# Results of the Portage Lakes "Spring Fling" hourly Big Bass event 4-29-17



## lakeslouie (Jan 11, 2006)

Wow! What a day!! Our guys were committed to making this happen, getting up at 3am and working till after 4pm. All 20 of our 22 members were there, and all were needed. From our end, we all enjoyed running our weigh stations, despite a tough bite and sometimes long waits between weighing a fish. Everyone I talked to had nothing but good to say. Suggestion forms were filled out by many and we will look at all items suggested and hopefully improve this format. Photos of most of the fish caught will be posted on our FB page; Portage Lakes Bass Masters Association. 23 boats.
https://www.facebook.com/PortageLakesBassMasters/?fref=hovercard

Big bass each hour figured out to be $170, Second Big Bass each hour was $60.
7am BB, Tony Holzer 2.00lb 2BB, Ben Frydrak 1.76lb
8am BB, Jim Adkins 4.44lb 2BB, Jameson Lecon 3.13lb
9am BB, Todd Paylor 1.85lb 2BB, Nick Hoaja 1.76lb
10am BB, Jeff Brown 2.56lb 2BB, Joey Reed 2.30
11am BB, Robert Muller 5.98lb 2BB, Matt Amedeo 2.78
12pm BB, Nick Hoaja 4.64lb 2BB, Frank Morris 4.63lb
1pm BB, Mike Schmeltzer 3.50lb 2BB, Anthont Baroney 3.32lb
2pm BB, Tony Holzer 2.68lb 2BB, Joey Reed 2.22lb
Overall BB winners
1st BB Robert Muller 5.98lb $345.
2nd BB Nick Hoaja 4.64lb $265.
3rd BB Frank Morris 4.63lb $210.

We again would like to "Thank" our sponsors: Fishermans Central, Waikem Auto Group, and Vic's Sports Center. A BIG "Thank You" to all our participants!! Stay tuned for the next one.
I will post a link when its ready. Thanks!! I'm going to sleep now


----------



## Dillon Friend (Jan 12, 2016)

What was your turn out like?


----------



## Shortdrift (Apr 5, 2004)

Sounds like it was a lot of fun and well run. Any pictures?


----------



## lakeslouie (Jan 11, 2006)

Shortdrift said:


> Sounds like it was a lot of fun and well run. Any pictures?

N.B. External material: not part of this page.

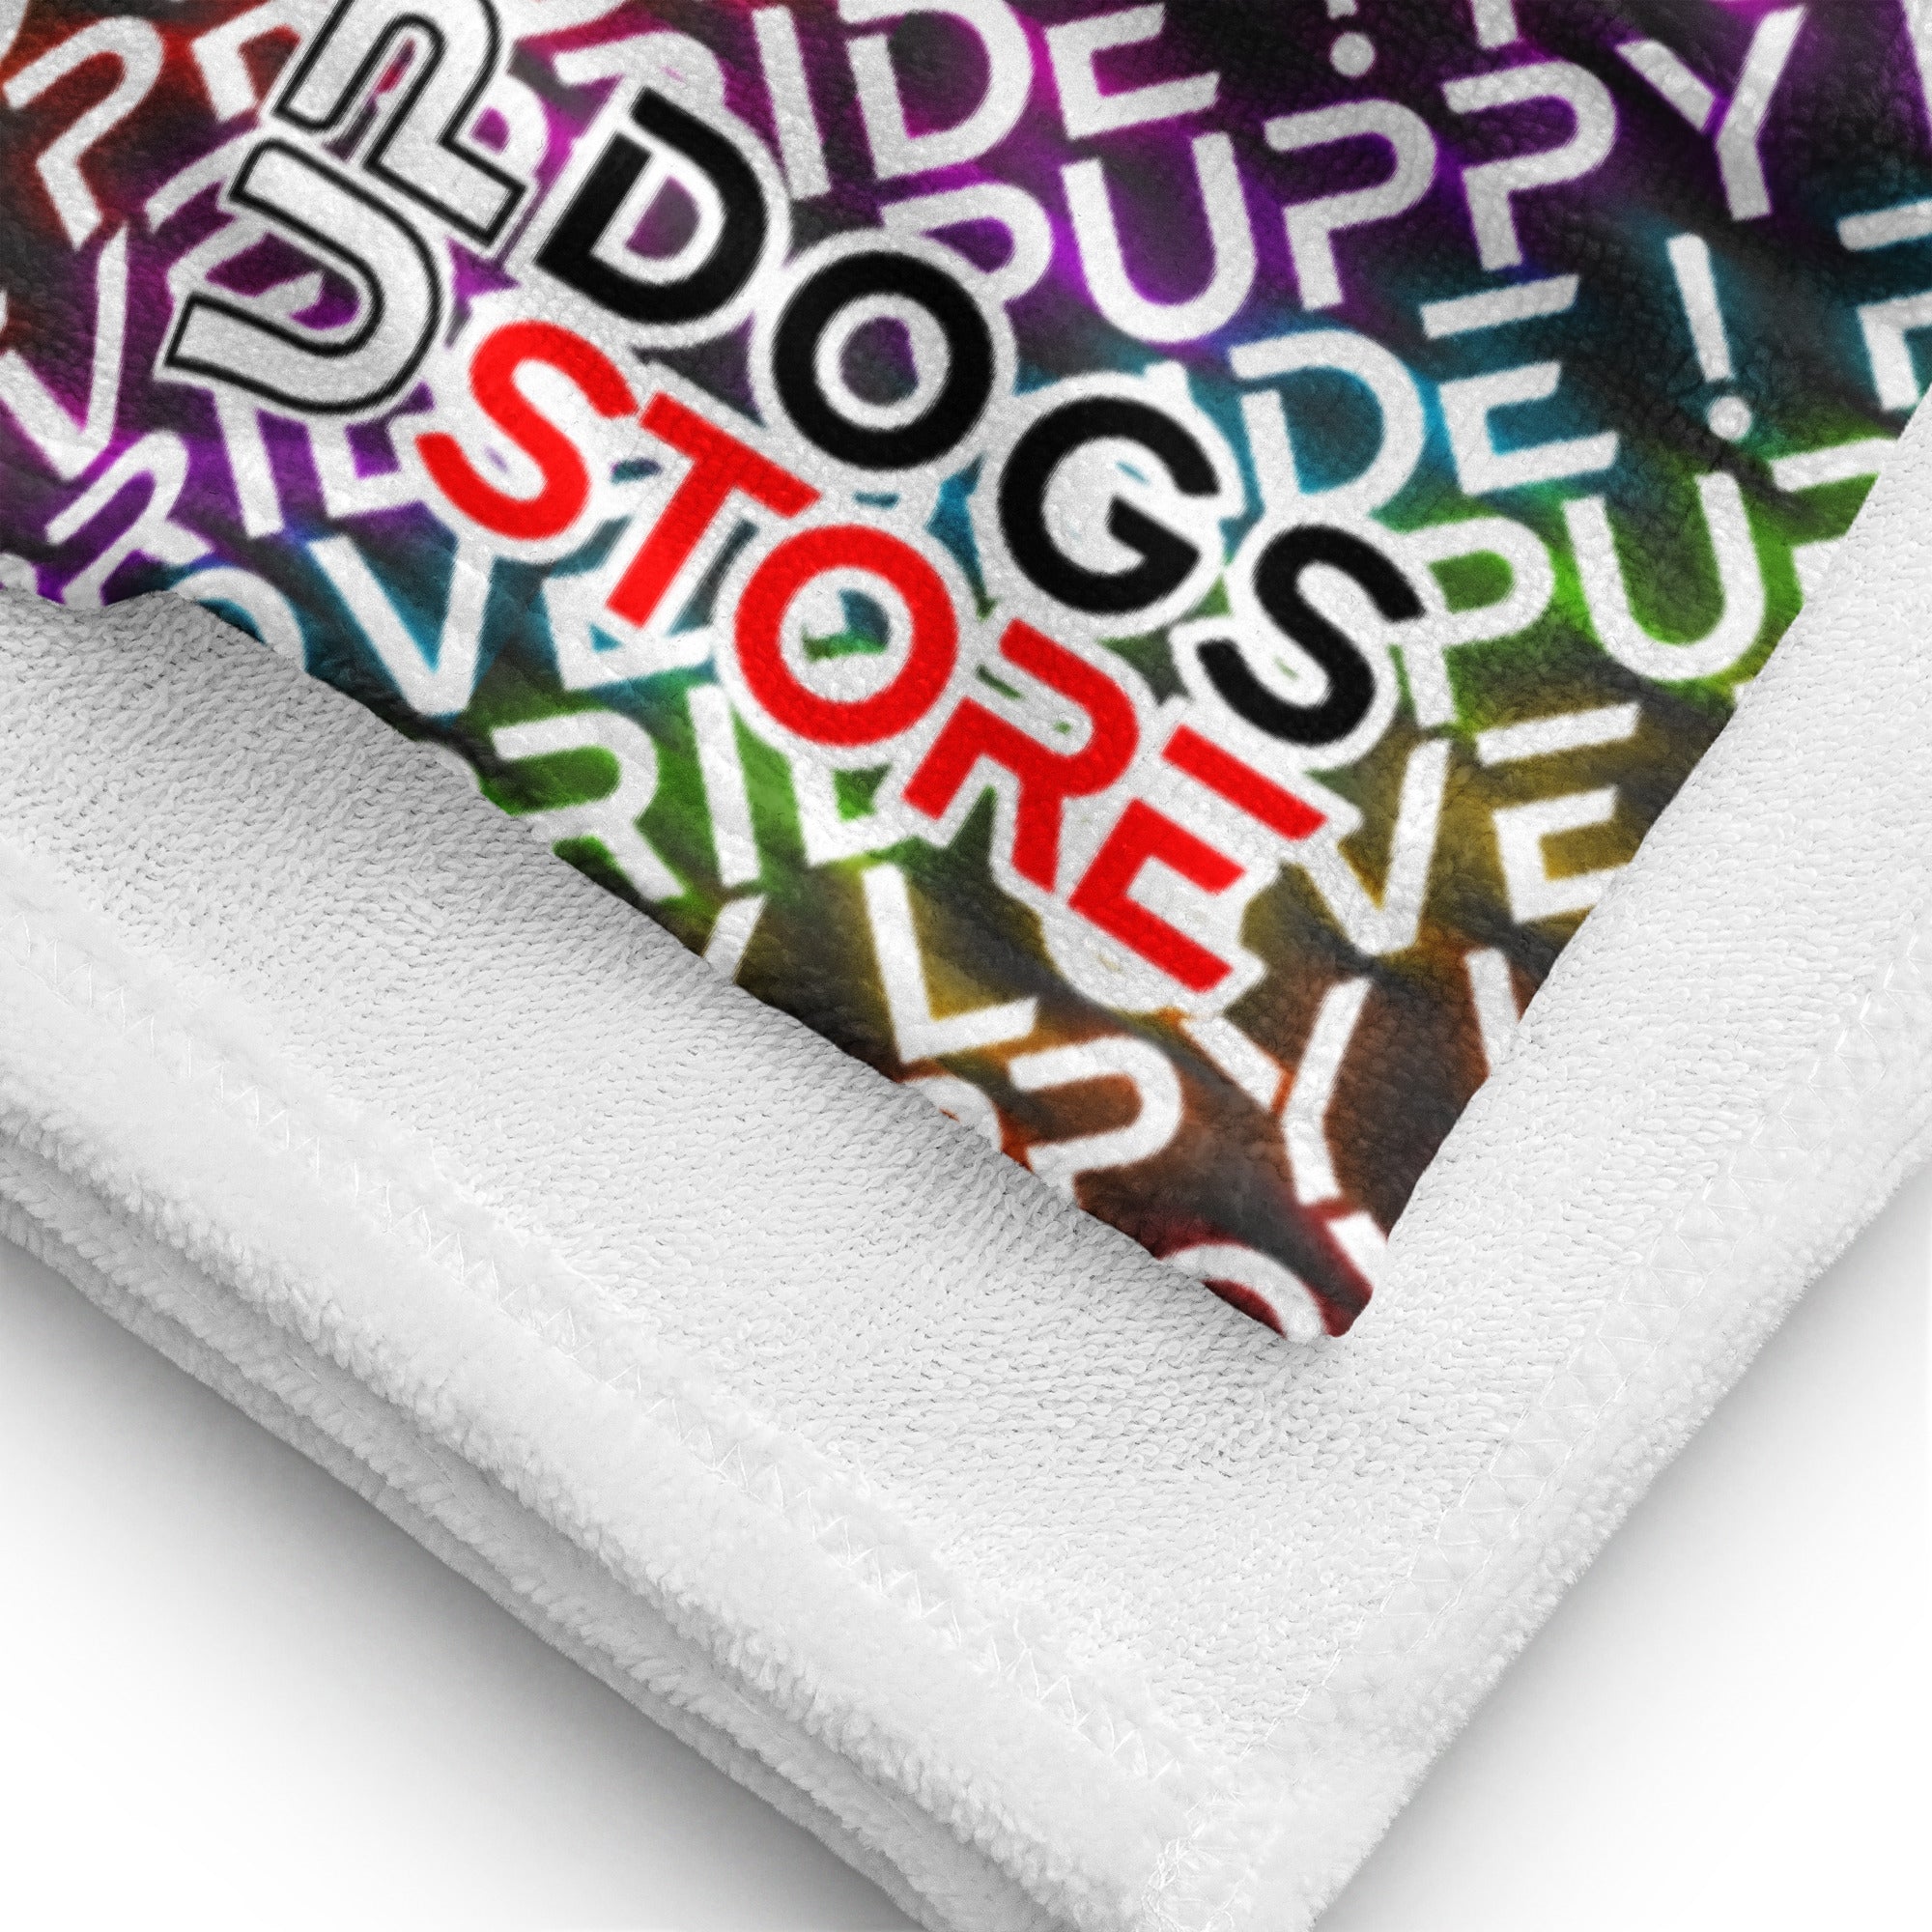 Puppy Love Pride / Bath Towel

https://www.facebook.com/PortageLakesBassMasters/?fref=hovercard


----------



## Buzzking (Feb 15, 2013)

We had a great time and this was very well ran. Portage Lakes Bass Masters and Louie Knukle did an outstanding job..esp. the T.D. We even got a check after weighing in three times. Should be their one and only BB tourney and should be a limited field. Say 70 boats! IMHO These guys should be commended for a great job. The big tourneys down south run this kinda tourney for 200+ boats with big lakes. It was great to have the same type of service and cohesiveness to pull it all together with *5 weigh in stations!* on Portage Lakes. Okay the proof is in the pudding, so look at those pictures of Dan Blackert and know he shot himself in the foot and would have had some checks coming his way if not for a slight rules violation. Hats off to Dan & Eric Dufala for hammering them!


----------